Doxycycline pollutants in environment seriously destroy the balance of ecological system. A Z-scheme In2O3/Ag3PO4 heterojunction is constructed by attaching Ag3PO4 nanoparticles on hollow In2O3 hexagonal prism structures for efficient degradation of doxycycline. The doxycycline (30 mg/L) removal rate by IAO-1 (mole ratio of In2O3:Ag3PO4 is 1:3, 1.0 g/L) reaches 99.7% under visible light irradiation. Degradation rates are almost unchanged after five cycles of degradation experiments, demonstrating the excellent reusability and stability of the IAO-1 photocatalyst. The photocatalytic degradation of doxycycline in different water matrices by IAO-1 shows excellent performance, which provides significant potential for practical applications. The experiments and DFT results demonstrate that the built-in electric fields in IAO-1 contribute to the charge transfer from Ag3PO4 to In2O3, leading to the formation of a Z-scheme heterojunction with high redox capacity.
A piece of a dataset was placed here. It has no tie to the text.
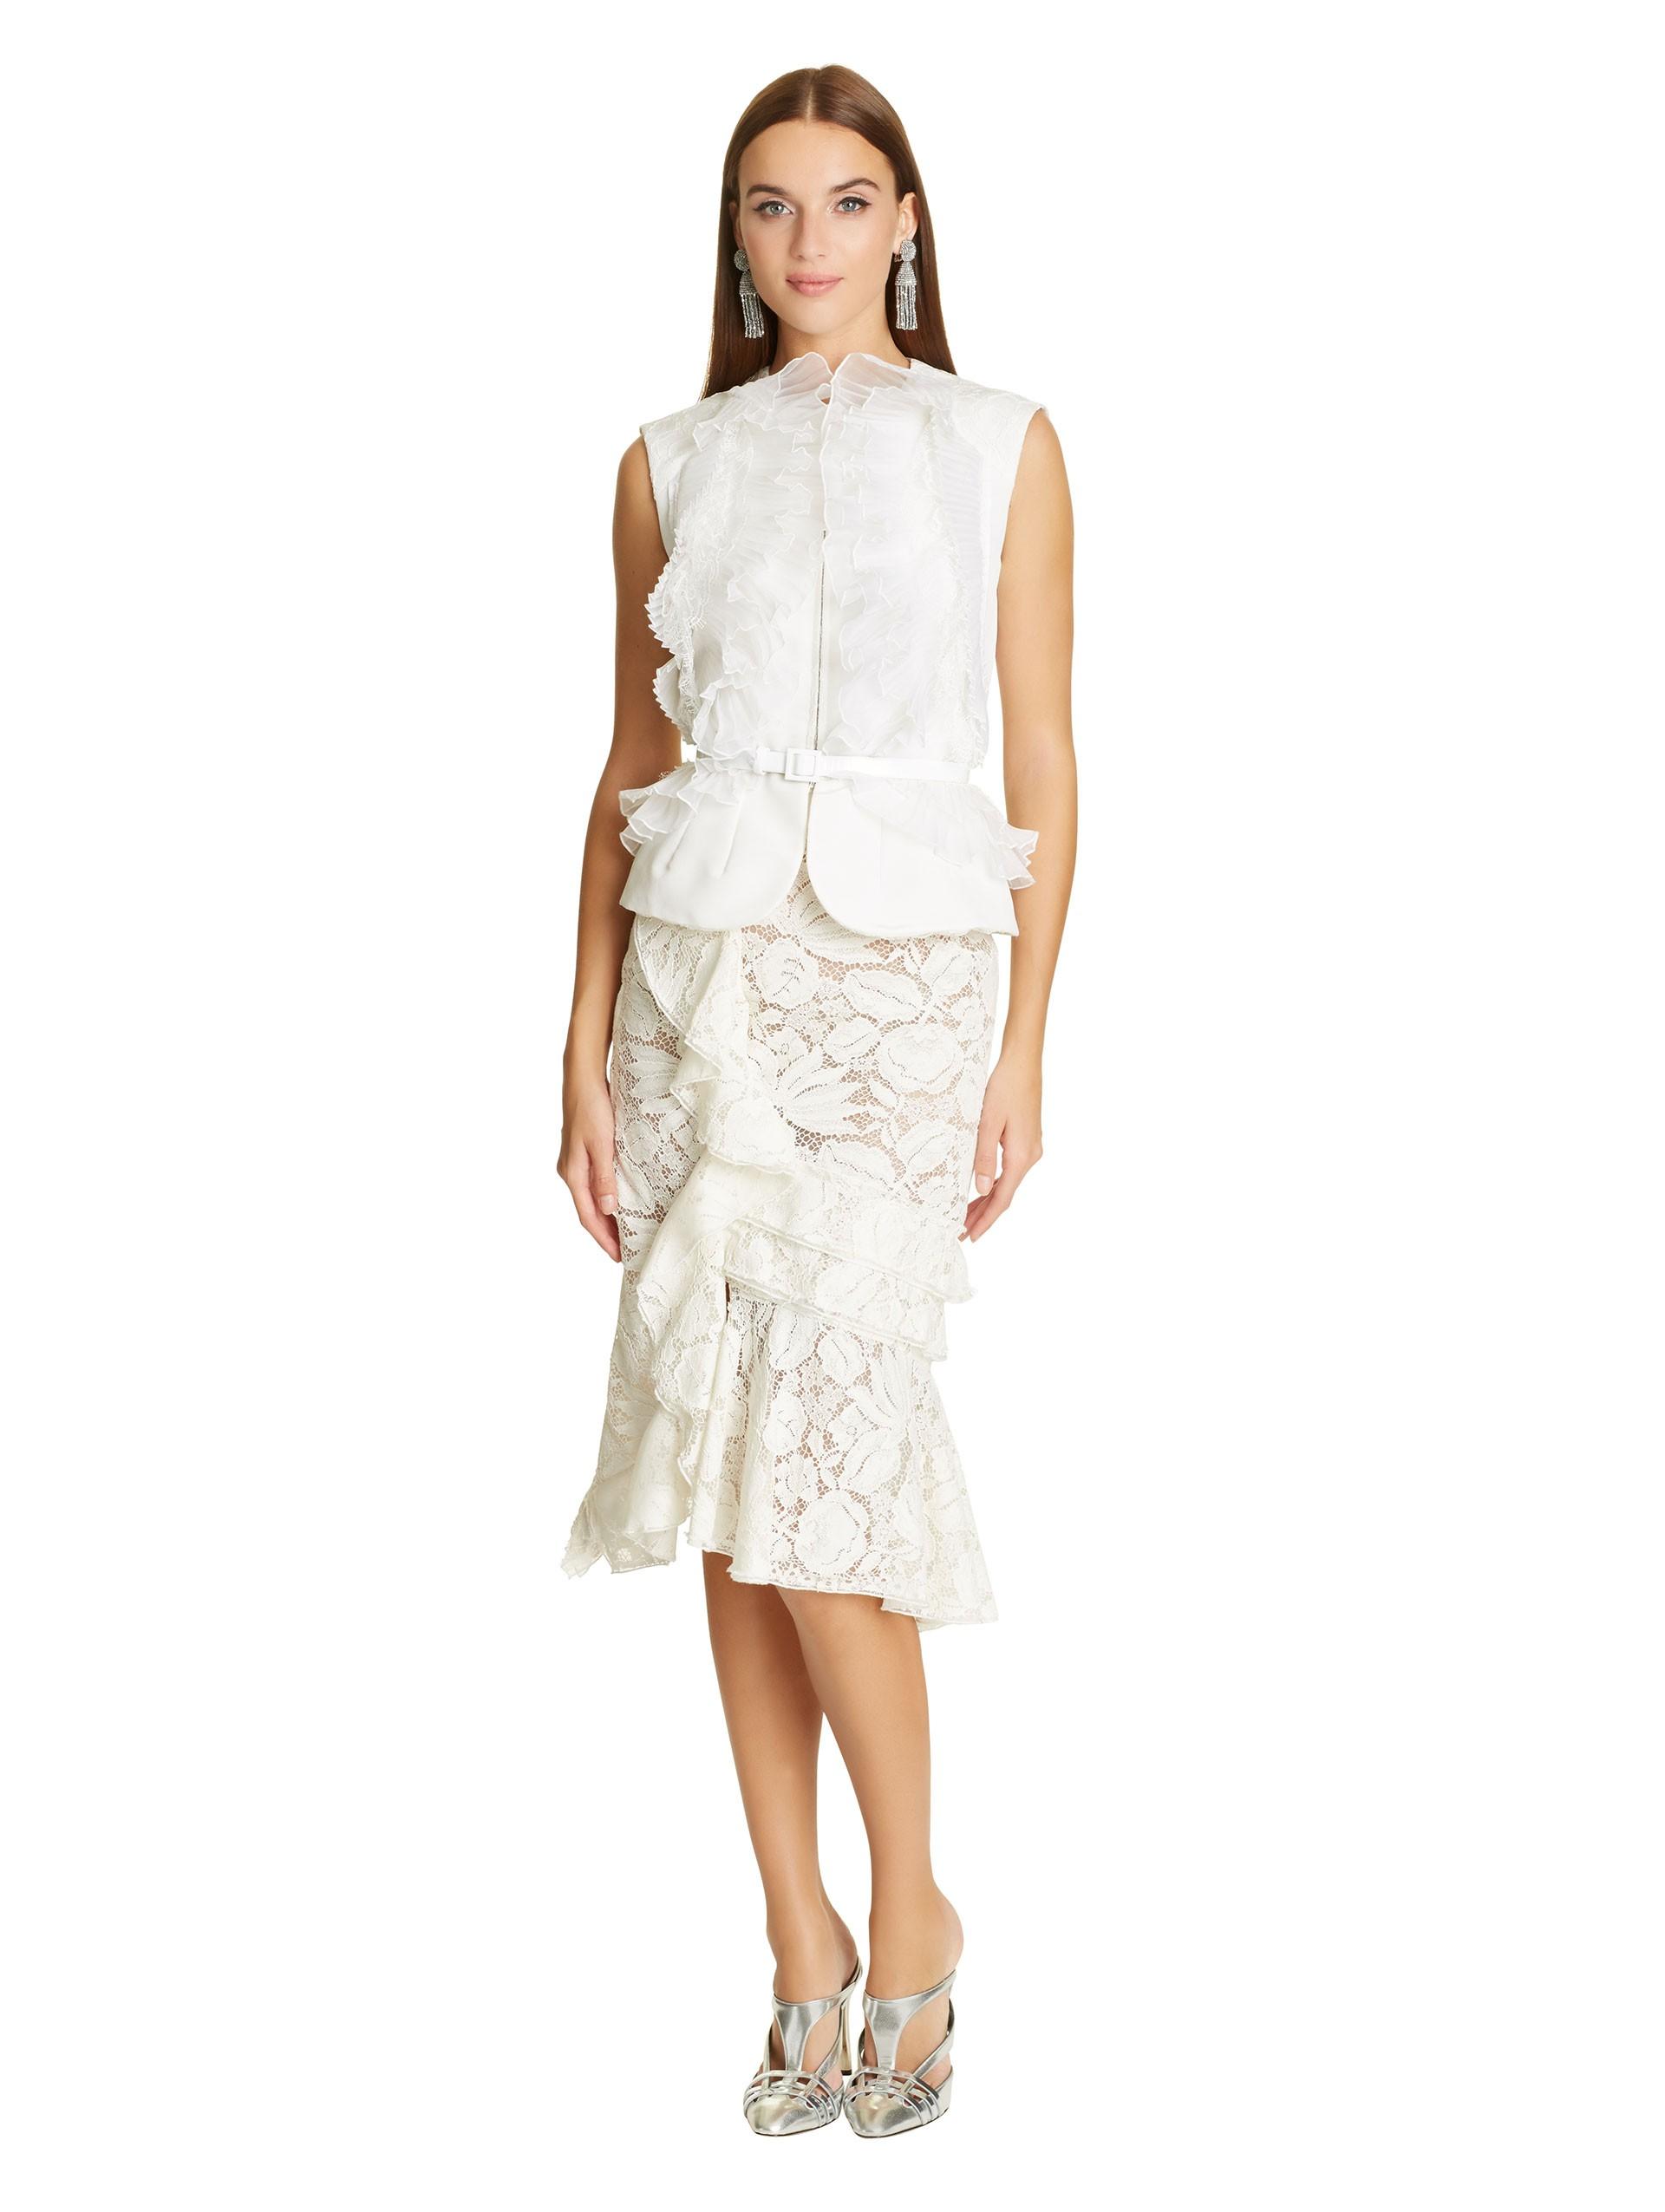 12666a6f4 Oscar de la Renta Ivory Organza & Lace Ruffle Detail Silk Faille ...
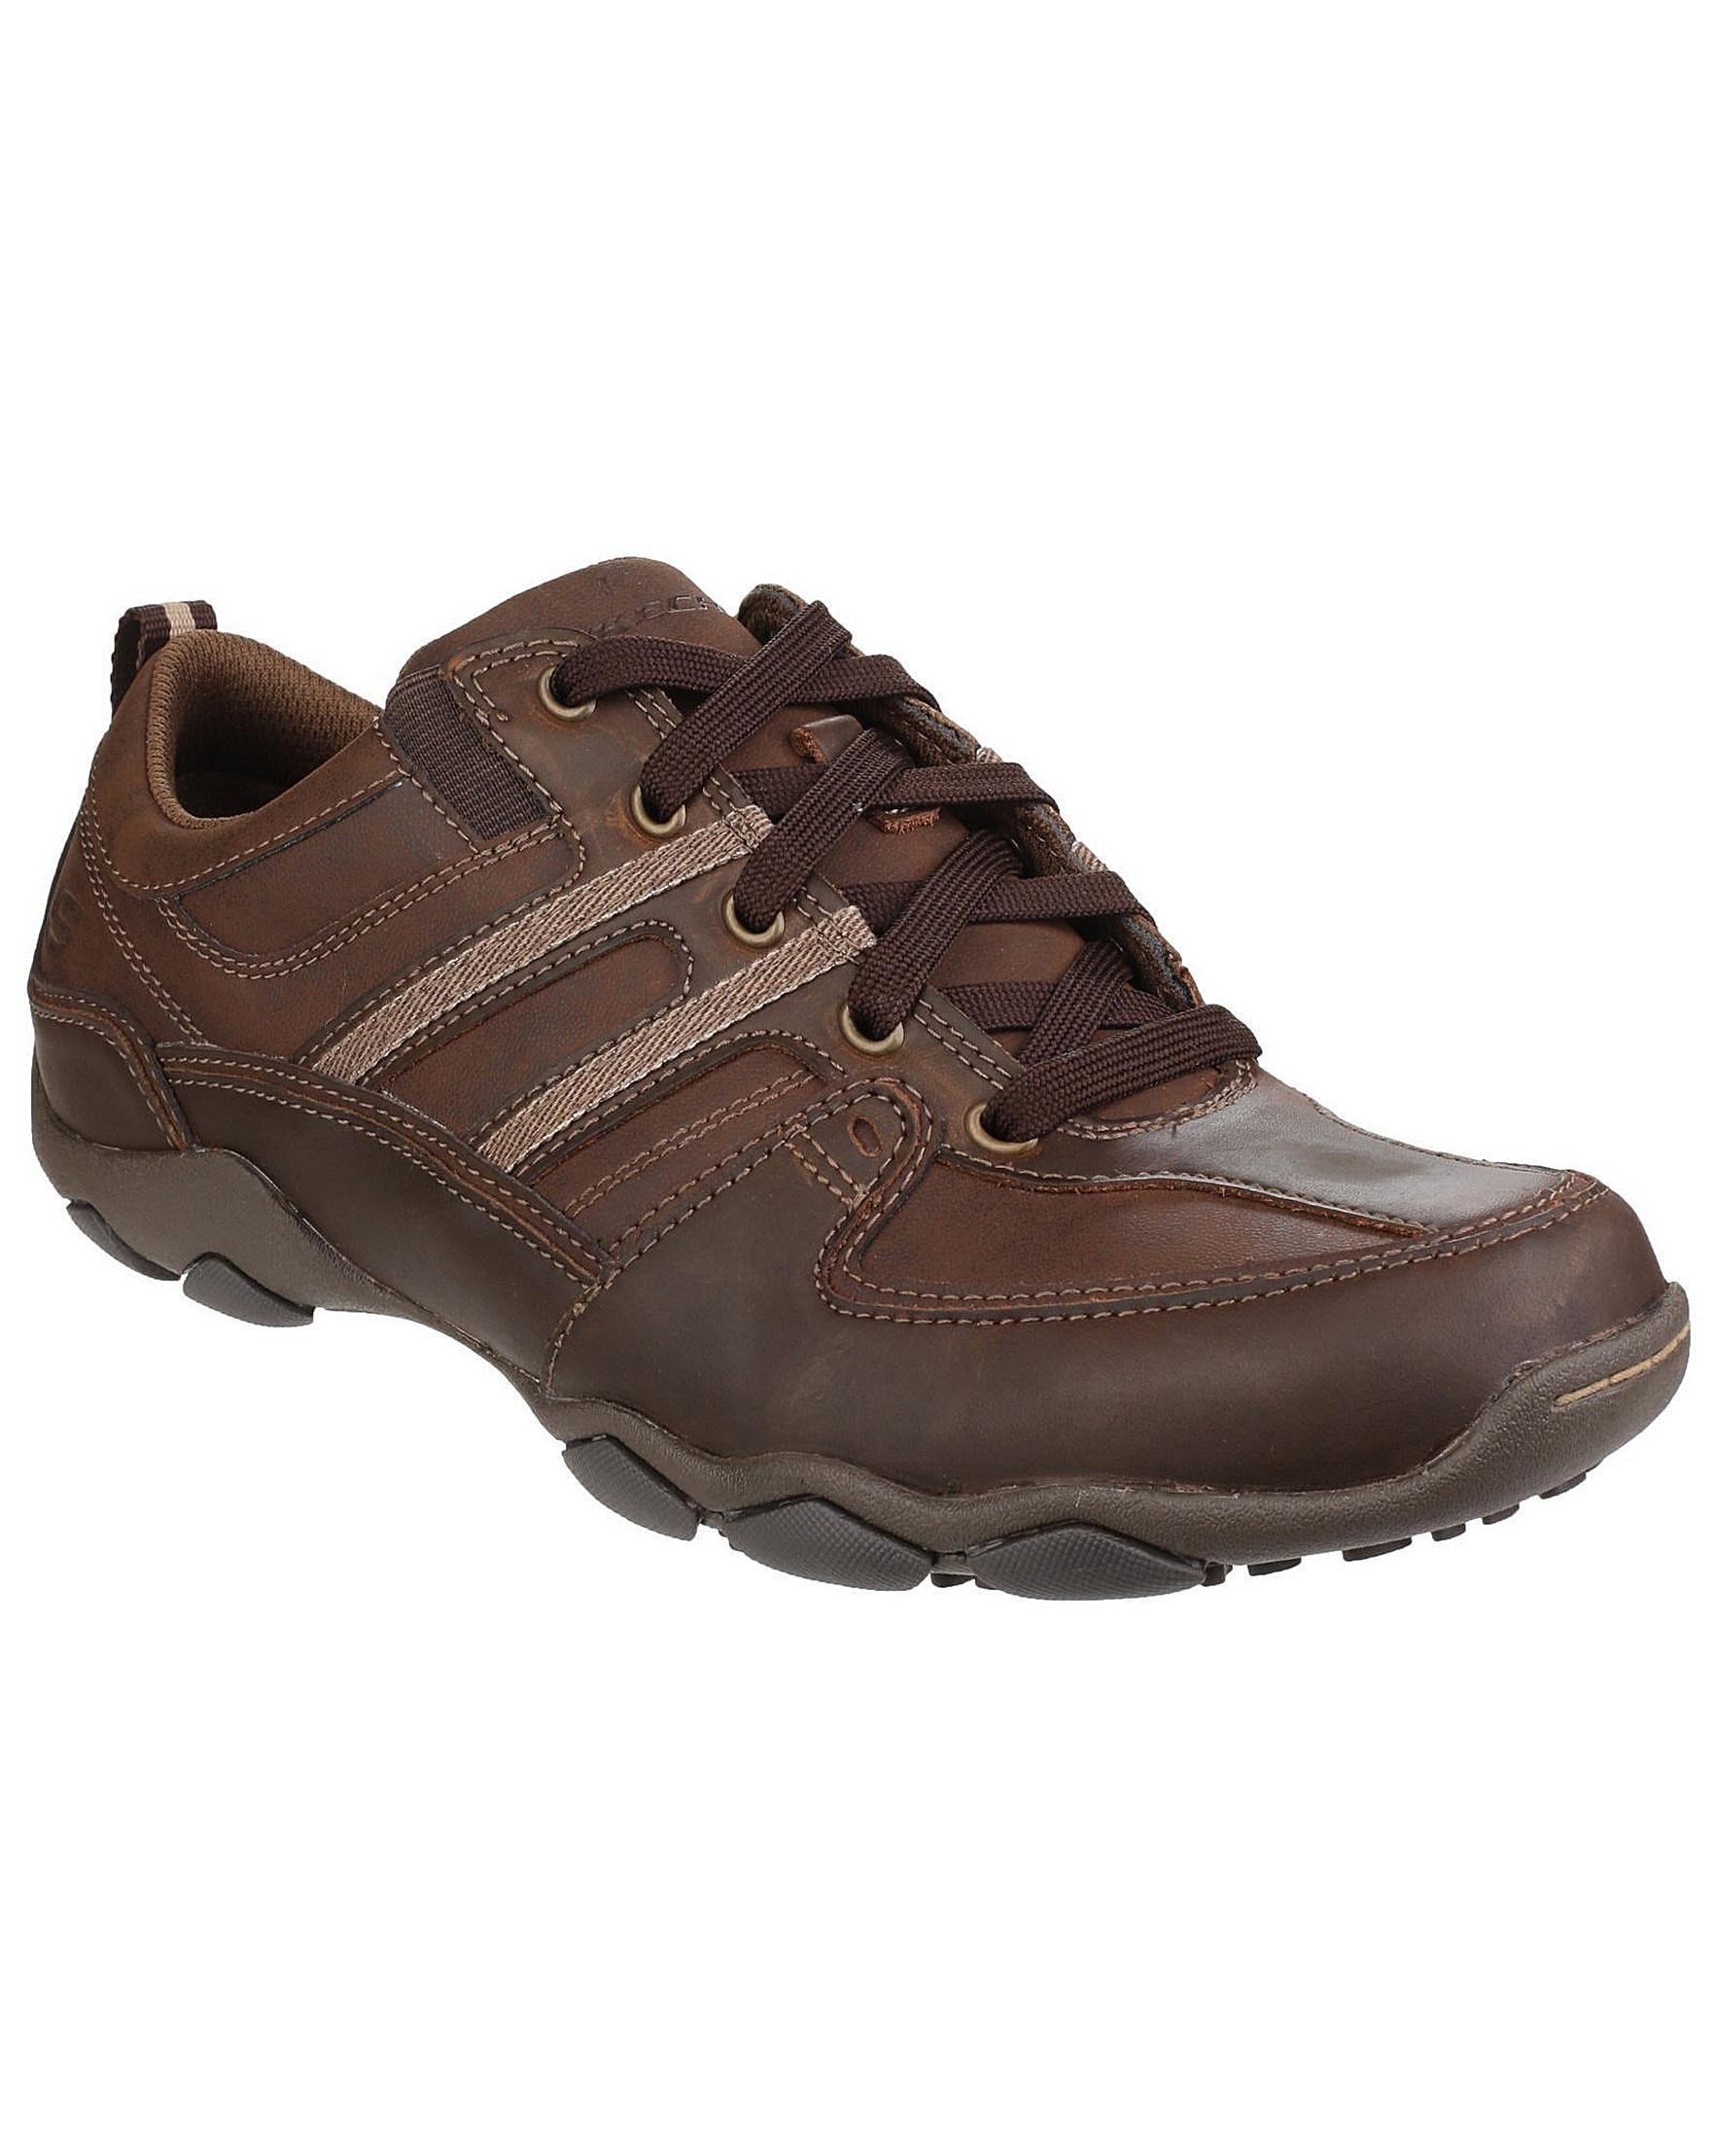 af86c7153e1f Skechers Diameter Selent Lace Up Shoe in Brown for Men - Lyst

The hollow defect structure of IAO-1 effectively activates molecular oxygen to generate oxygen vacancies and induce 1O2 production through energy transfer, which promotes the attack of benzene rings and oxygen-containing groups in the molecular structure of doxycycline, leading to hydroxylation, demethylation, and ring-opening reactions. This work provides new ideas for constructing Z-scheme photocatalysts with oxygen vacancies and built-in electric fields for practical wastewater treatment.